Got back from holiday in Malta the other day. 'Miss European' contenders were staying at the same hotel as us. several from each country. We saw them mostly on an evening all dolled up and posing for country group shots and single shots outside the front door. All week my girlfriend was suggesting we relax around the pool rather than go sightseeing but the one day I agreed to sit beside the pool she suggested we go out and do something else. When we got back that evening we'd missed all the poolside bikini shots...
gordonjcp wrote:
Billy Connolly used to go climbing with my dad, who taught him how to play a bunch of folk songs on the guitar in the Clachaig in Glencoe ;-)
Whisky 'on the rocks'? ;-)
There is a successful musician who regularly contributes on this forum but it's up to him if he wants to ID himself. Dare say he's been in Abbey Road studio considering the type of music he's into.
Had another guy here with a P38 the other week who''s a bodybuilder and part time actor, currently features in a TV ad, will be in next season's Game Of Thrones and has been in a TV series but I forget which ones he said lol.
My dad was a club turn for 40 years and a theatrical agent later on. In his late teens or early 20s he was lead guitarist in a semi famous band called Tony Sheridan and the Sundowners. When I was a kid Billiy Connoly, Tony Christie, Marty Caine and no doubt some others I've forgotten about visited, Billy Connoly wasn't as famous back then but the others were. Dad used to book Tony Christie and Gary Barlow into clubs, Gary Barlow once slept in my dad's uncle's Hymer Mobil motorhome in the yard where I now convert vehicles to LPG. I recently converted a Nissan Elgrand to LPG for a guy from the South East who was once a roady for Tony Christie - small world.
My grandad played darts with President Rosevelt and Churchill onboard HMS Price Of Wales.
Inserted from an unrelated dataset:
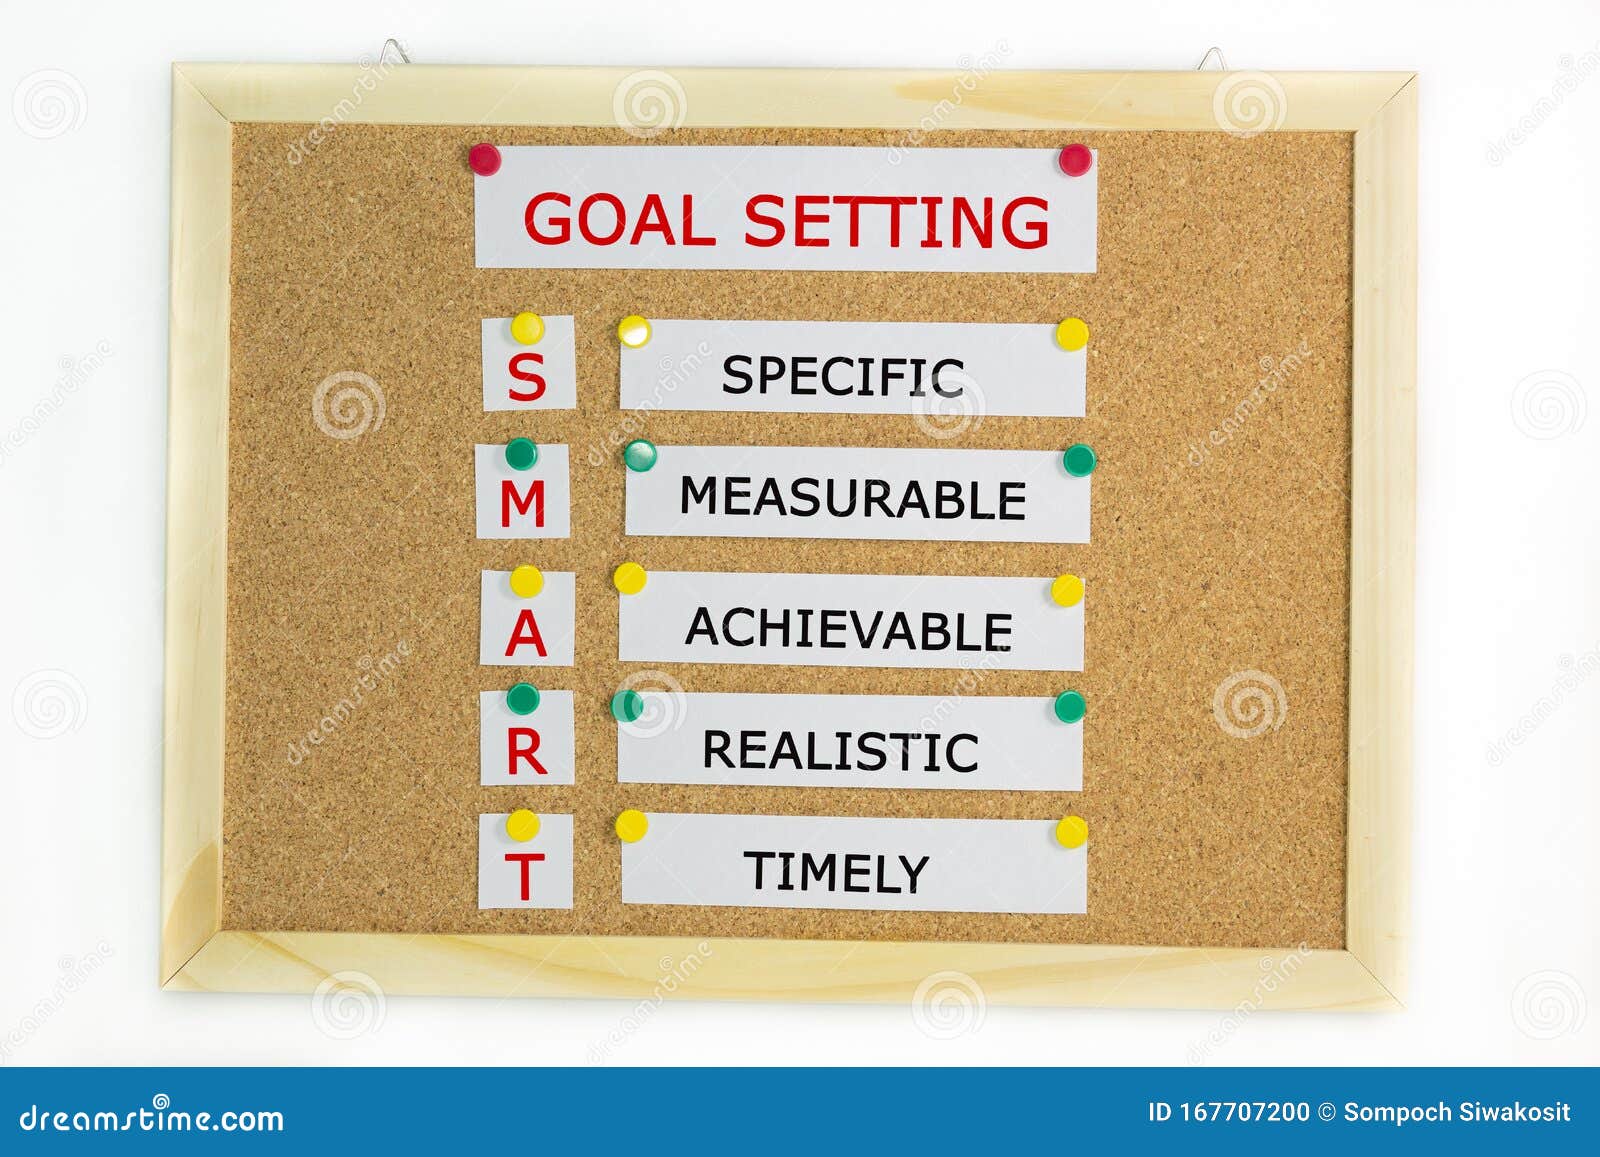 Smart Goal Setting Idea on a Pin Board Stock Photo - Image of

Met loads of famous people when I was DJing but I'm not very good at recognising famous people. Once I was DJing at some type of bash for Channel4 in Liverpool Town Hall and tried to cop off with a bird I didn't recognise as Sonia the 90s singer... turned out she just wanted me to play some of her records lol.
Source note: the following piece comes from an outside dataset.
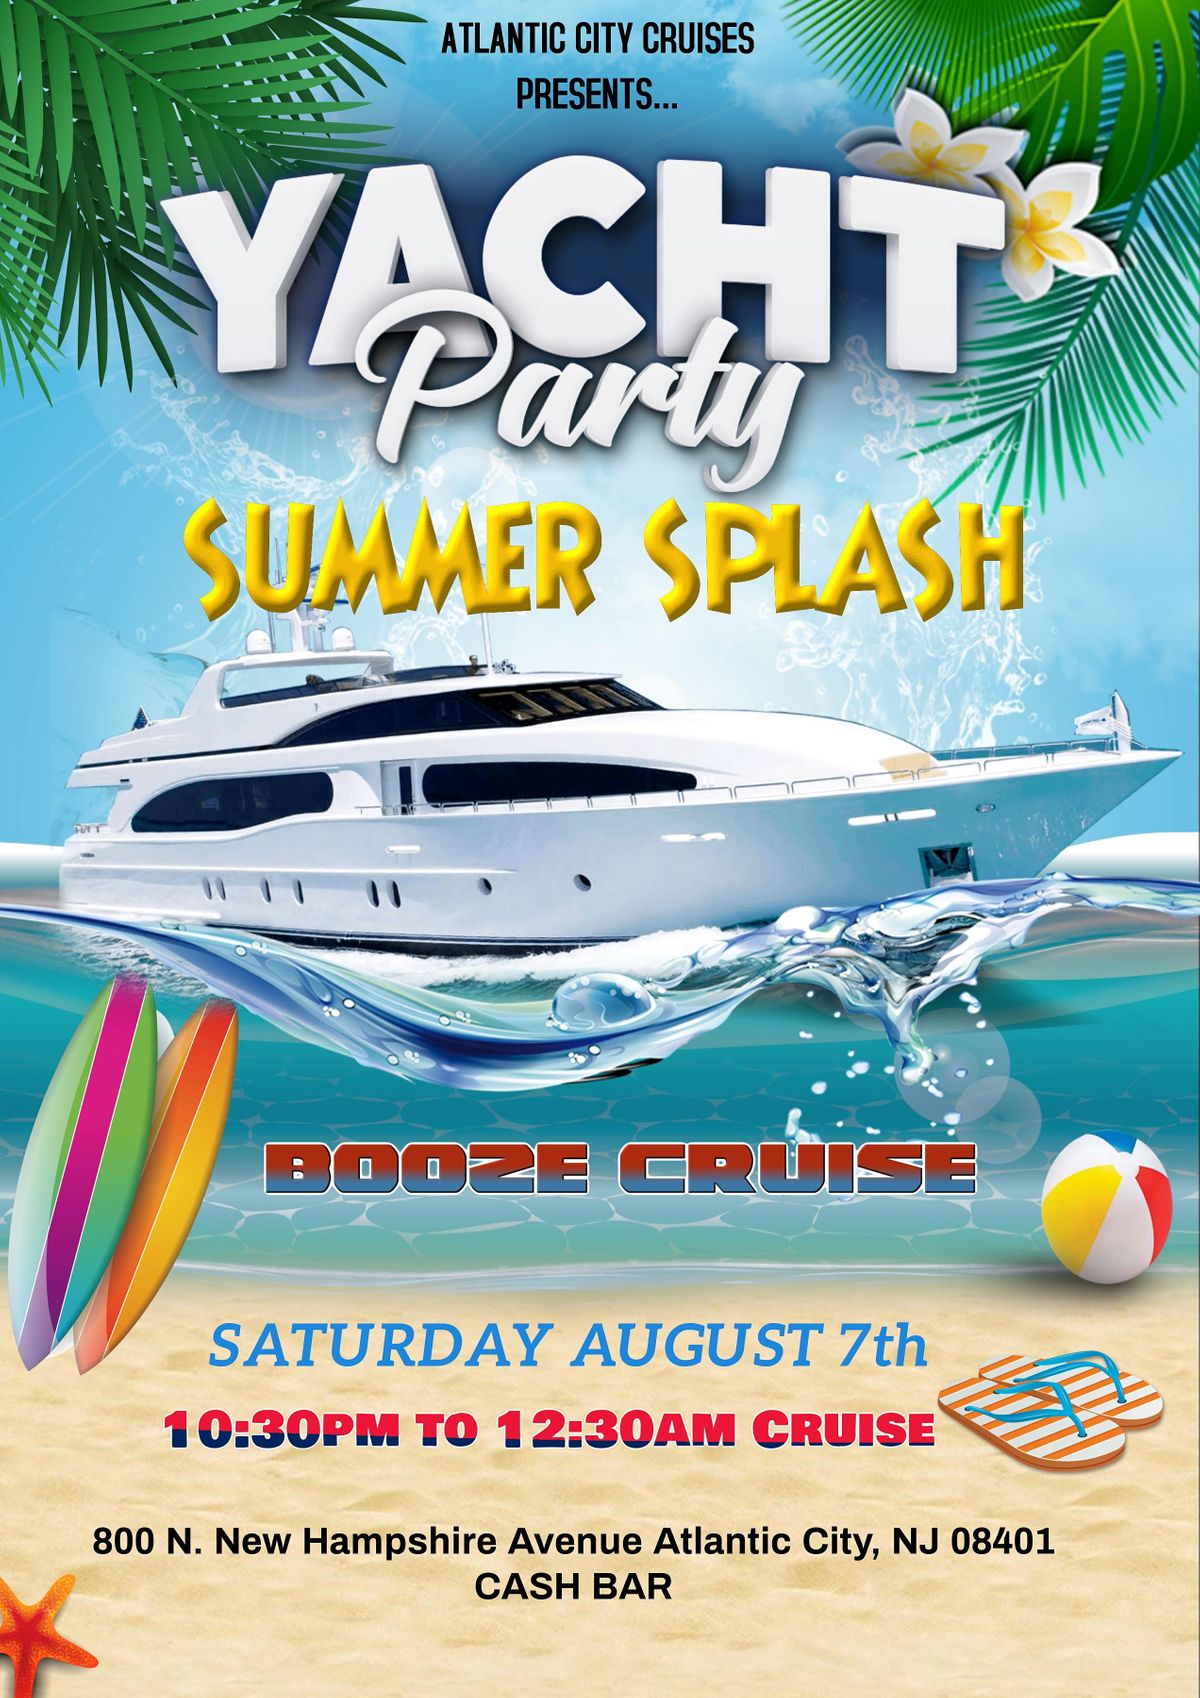 Summer Splash Booze Cruise Boat Party in Atlantic City

My Scouser mate's dad used to work the clubs like my dad, so when they were working in each other's areas they used to stay at each others houses (same crack as Billy Connolly stopping here). My mate now sells motorhomes, his sister runs another firm hiring out big motorhomes to famous people to stay in when they're touring. Some of those people have squeaky clean images but he reckons it takes ages to get rid of the smell of weed when some of those people have stayed in them.
My daughter is a scout leader and has met Bear Gryls loads of times, I think she mentioned he turned up once 'in a rangerover' but I dunno if it actually was a rangerover and even if it was dunno if it'd be a P38.
Didn't Nigel Mansel used to own a P38 and rolled it on a motorway?
White paint - Tipex might as well shift from stationery suppliers to car parts stockists, I always keep some around lol.